Reproduce the listing in full, exactly as written, but without images.

[[ Information supplied, beginning ]]

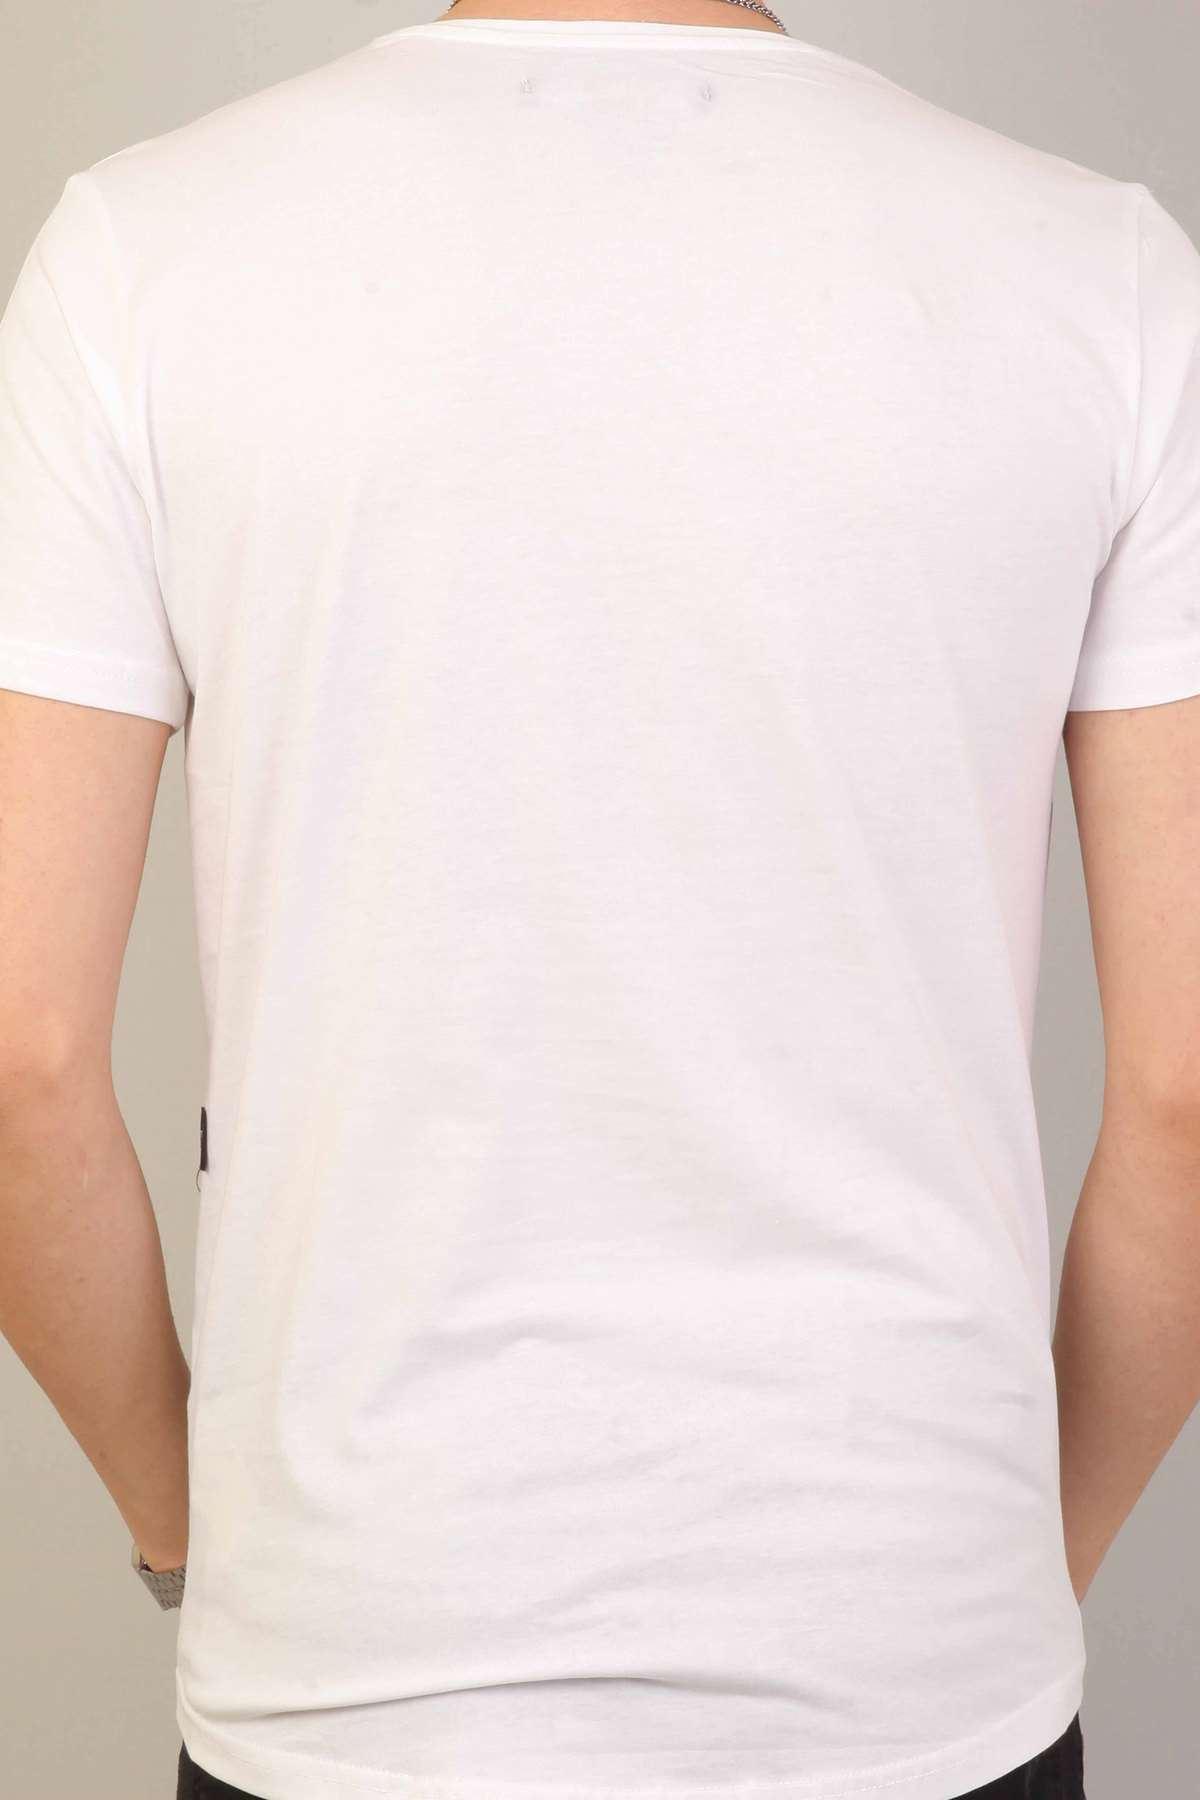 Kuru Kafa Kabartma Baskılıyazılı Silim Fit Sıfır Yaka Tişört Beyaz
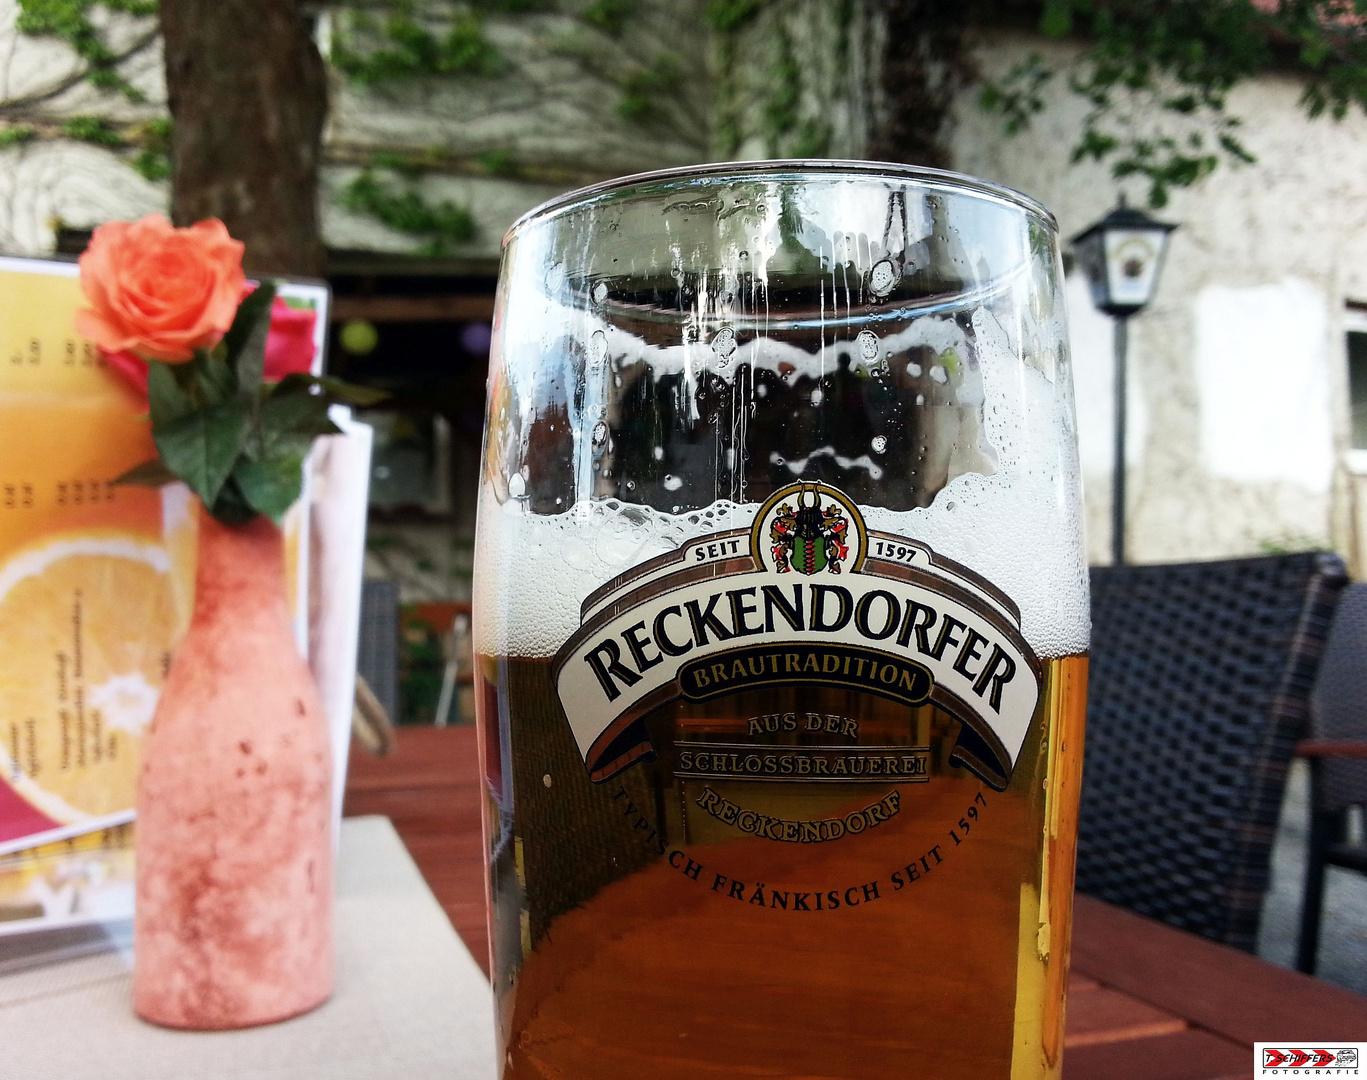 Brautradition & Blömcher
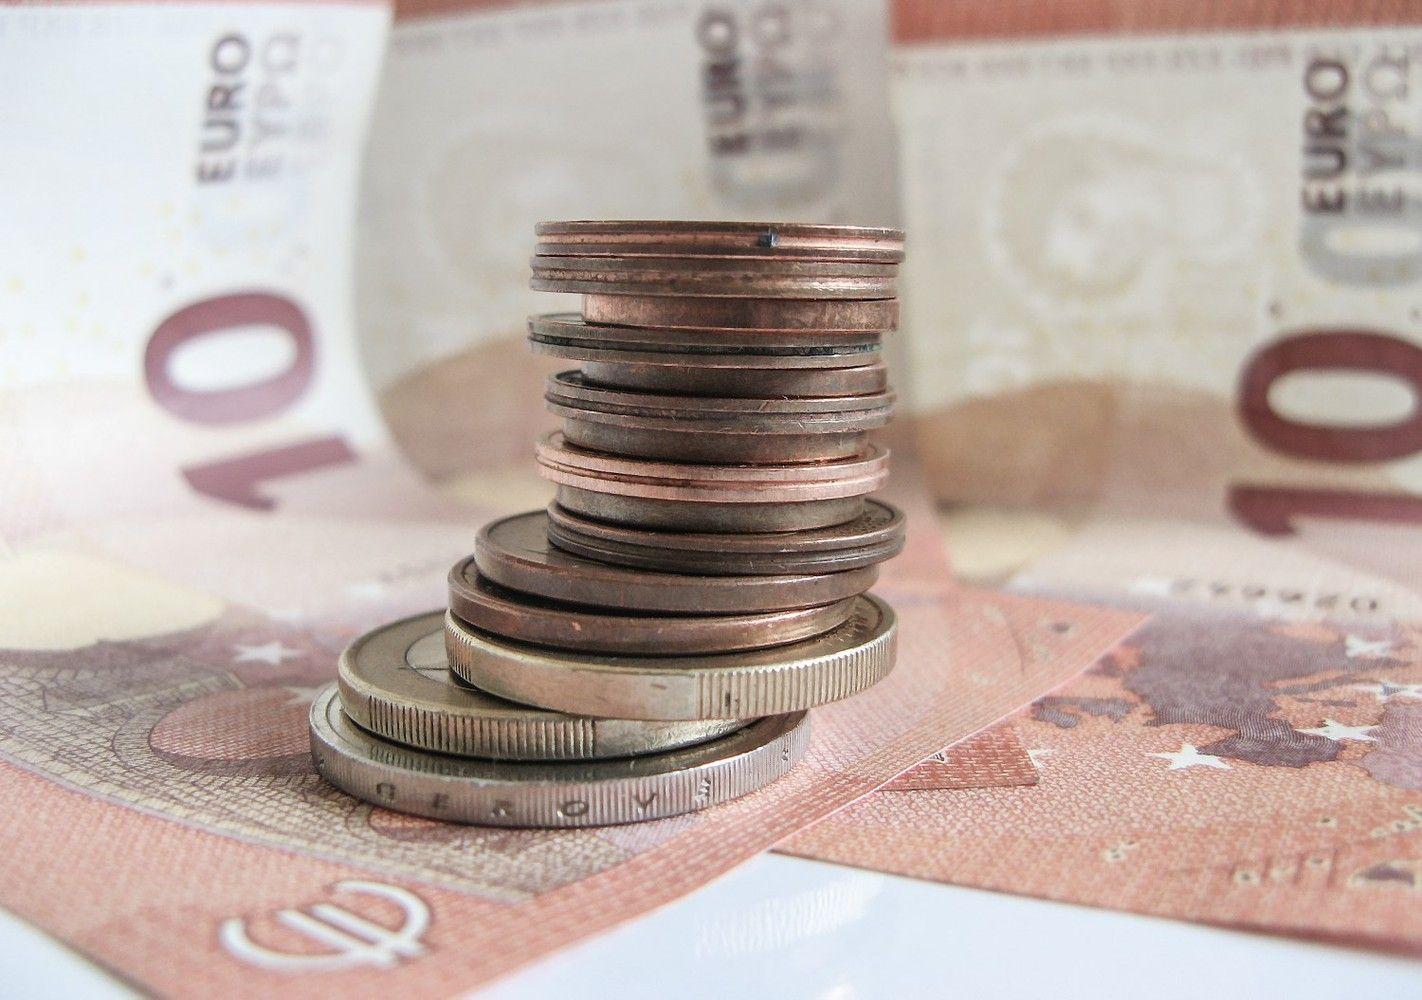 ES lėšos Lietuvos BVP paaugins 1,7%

[[ Information supplied, end ]]

* Solution for this problem *
 Kuru Kafa Kabartma Baskılıyazılı Silim Fit Sıfır Yaka Tişört Beyaz
 Brautradition & Blömcher
 ES lėšos Lietuvos BVP paaugins 1,7%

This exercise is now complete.